### WHAT THE EXERCISE ASKS
Drop every picture, then print the rest of the listing exactly as given.

### DATA EXCERPT
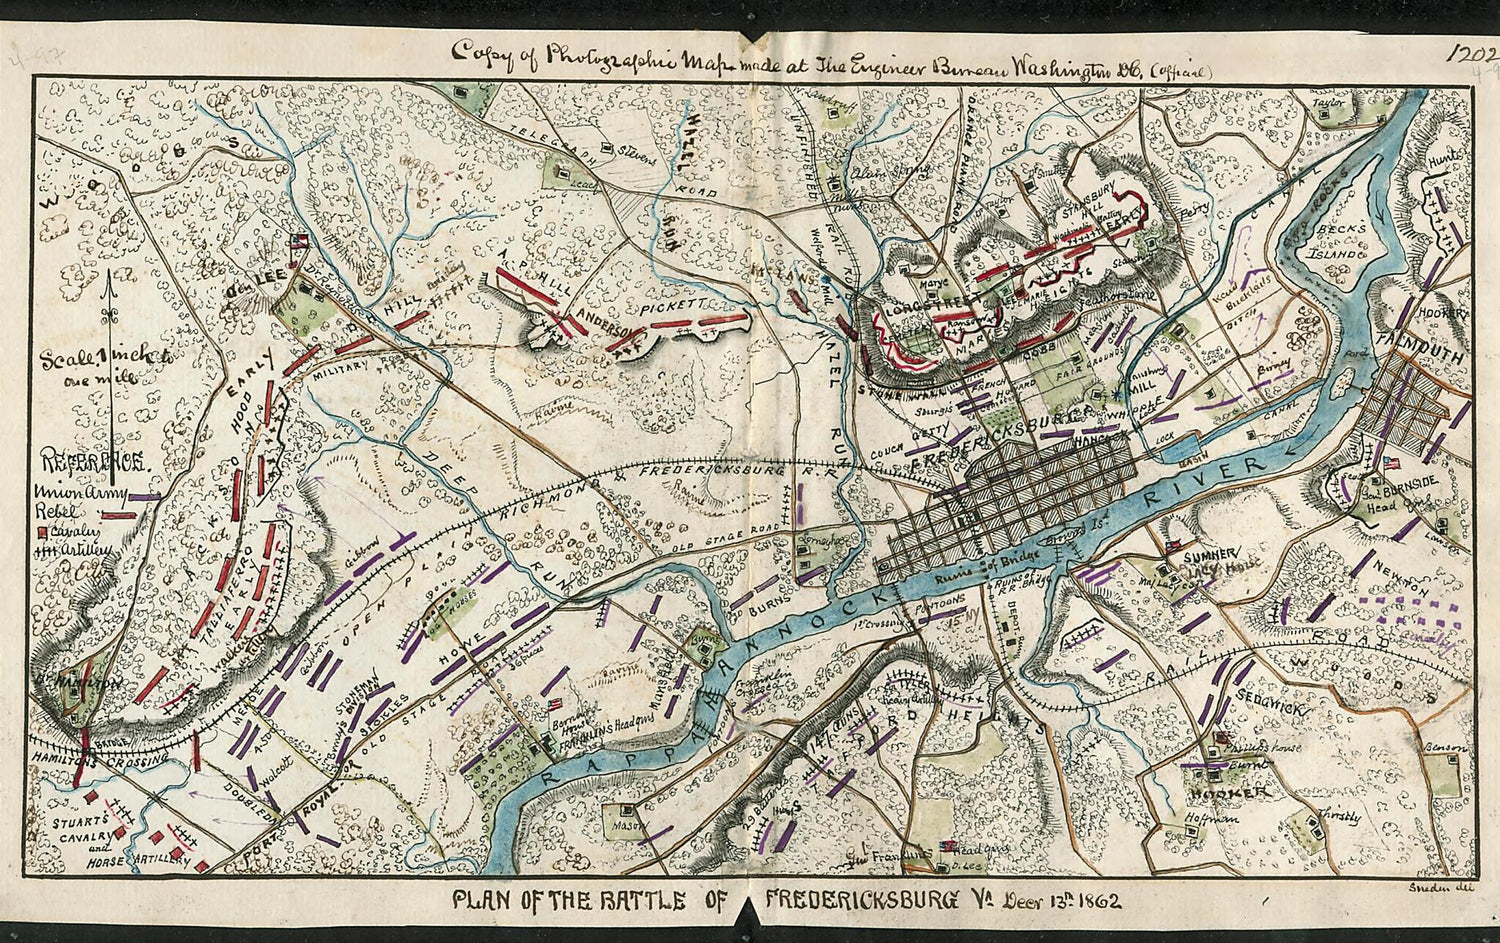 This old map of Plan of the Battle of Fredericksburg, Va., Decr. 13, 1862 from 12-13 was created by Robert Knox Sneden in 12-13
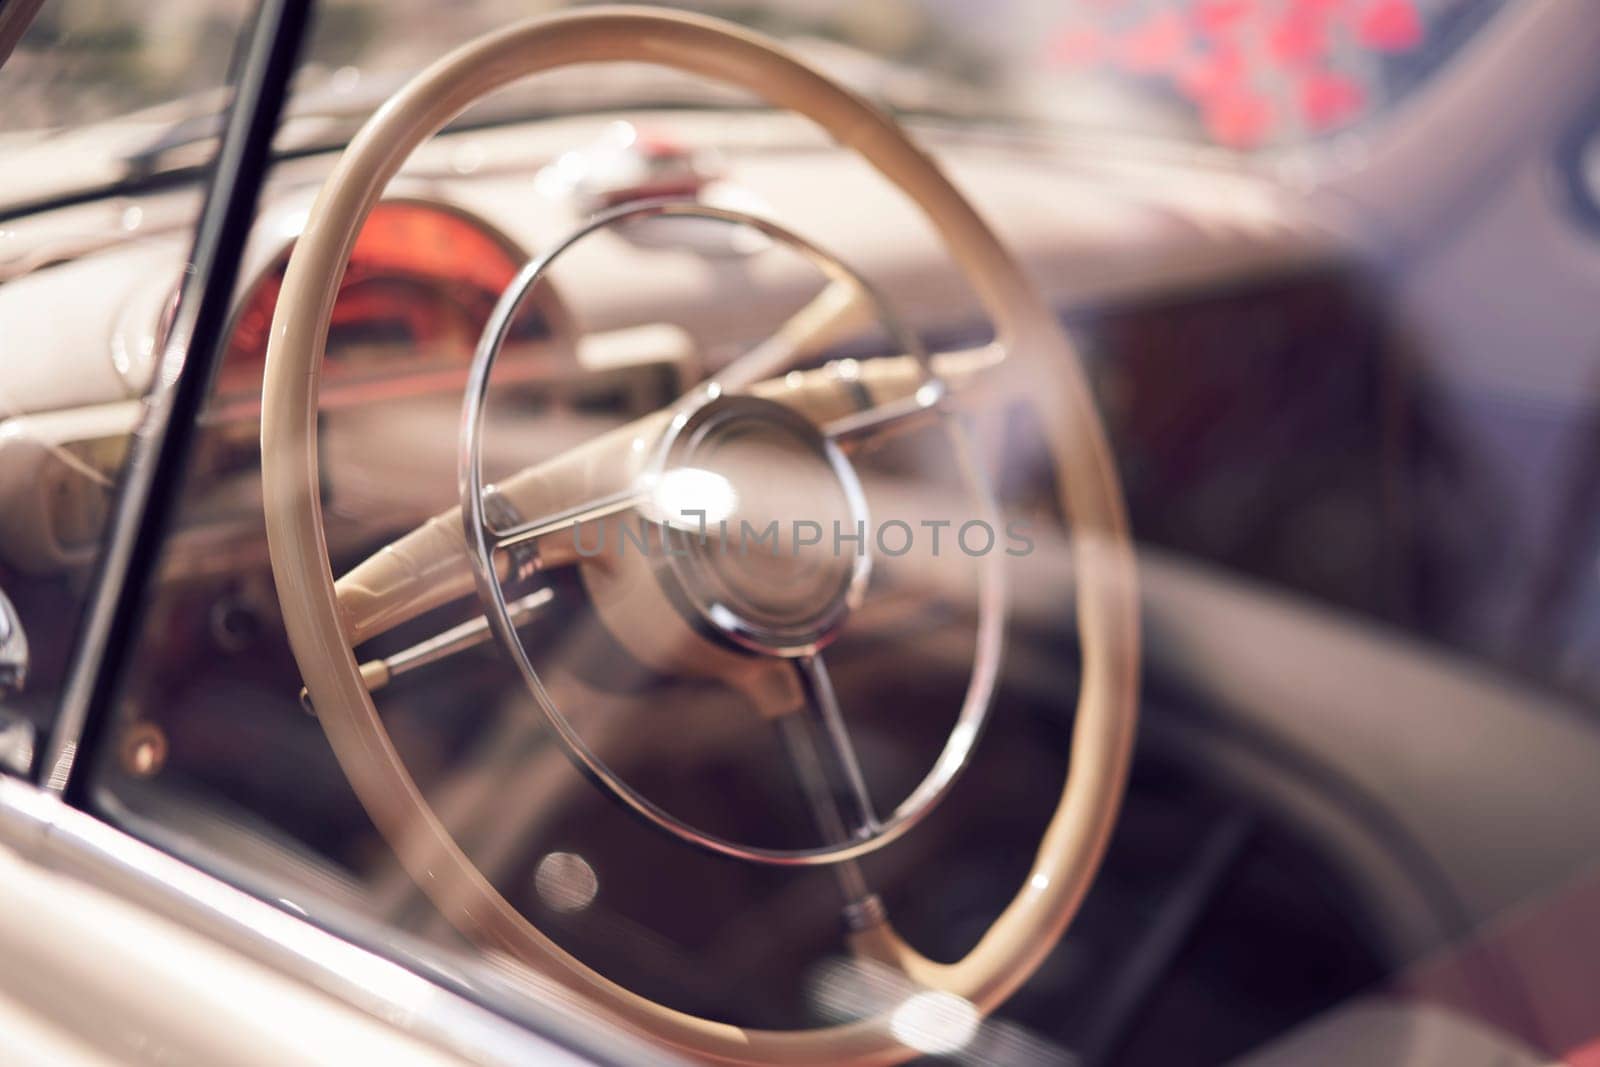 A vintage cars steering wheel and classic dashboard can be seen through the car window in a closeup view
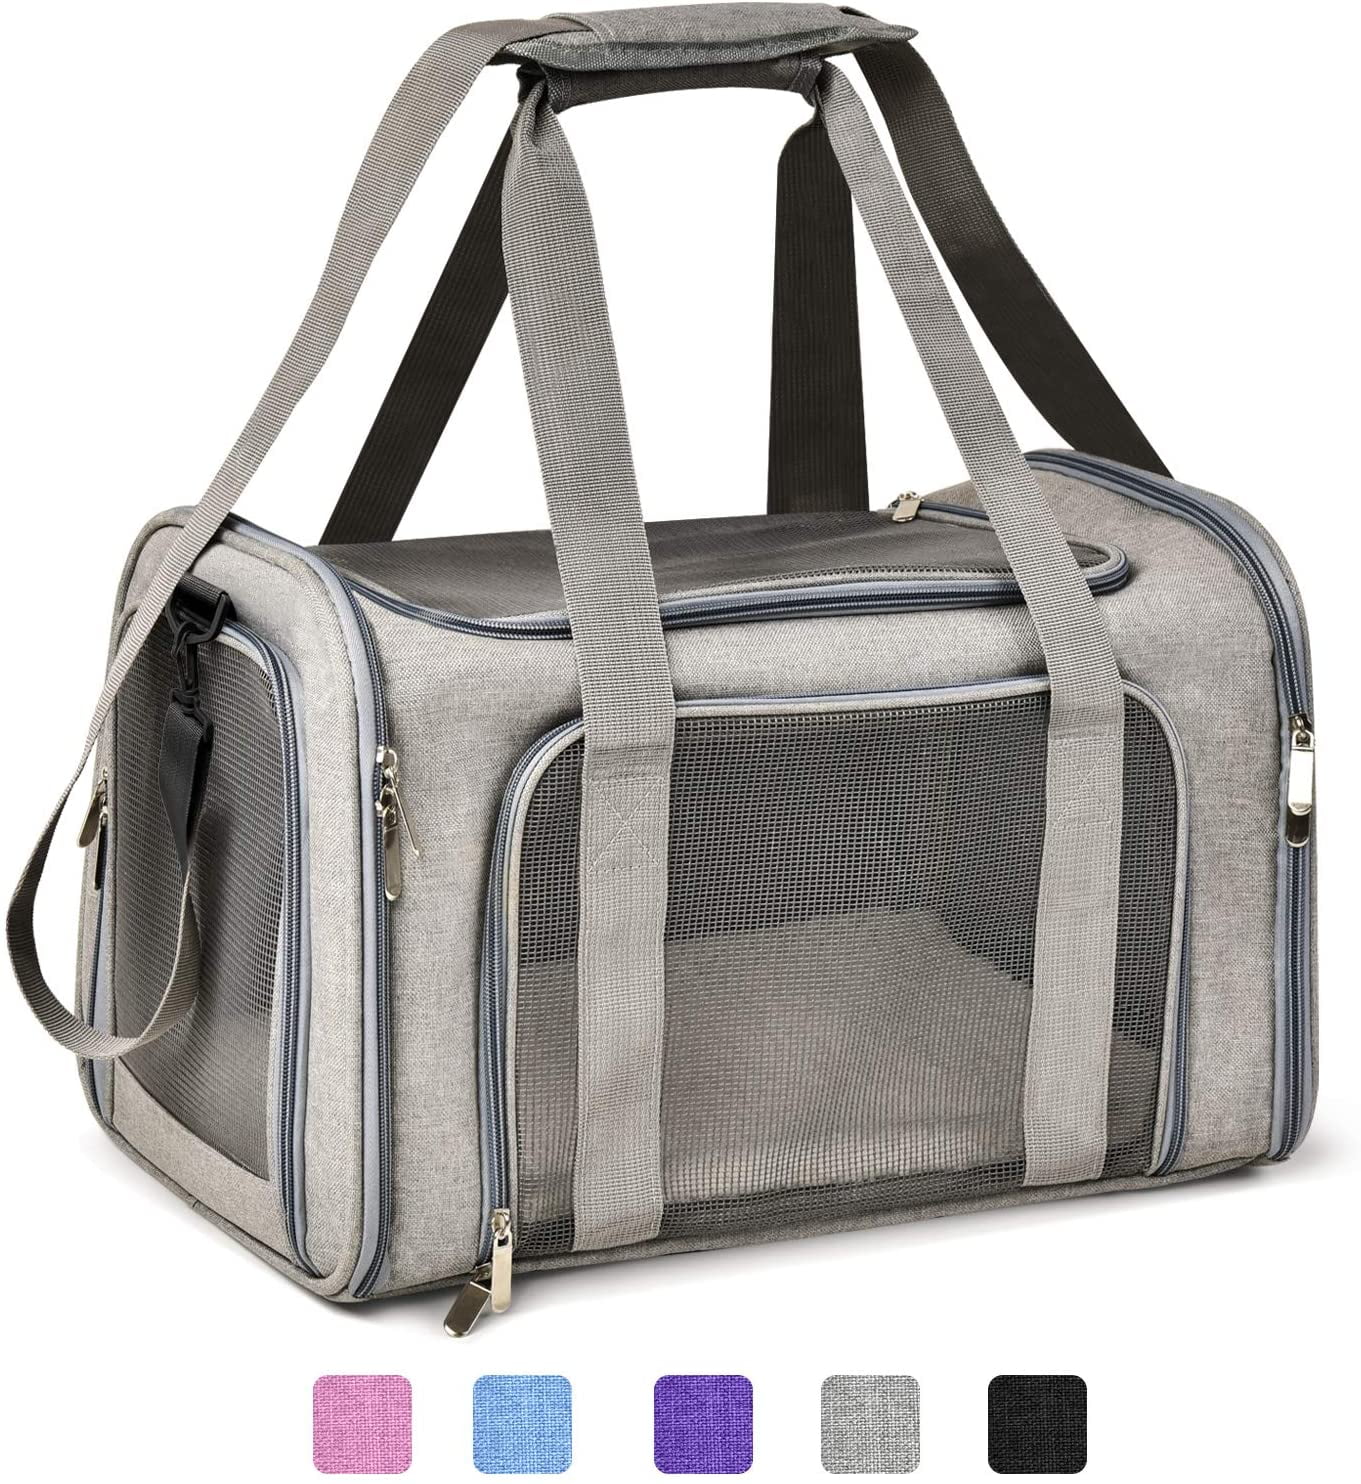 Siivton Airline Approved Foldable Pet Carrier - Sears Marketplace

### RESPONSE
 This old map of Plan of the Battle of Fredericksburg, Va., Decr. 13, 1862 from 12-13 was created by Robert Knox Sneden in 12-13
 A vintage cars steering wheel and classic dashboard can be seen through the car window in a closeup view
 Siivton Airline Approved Foldable Pet Carrier - Sears Marketplace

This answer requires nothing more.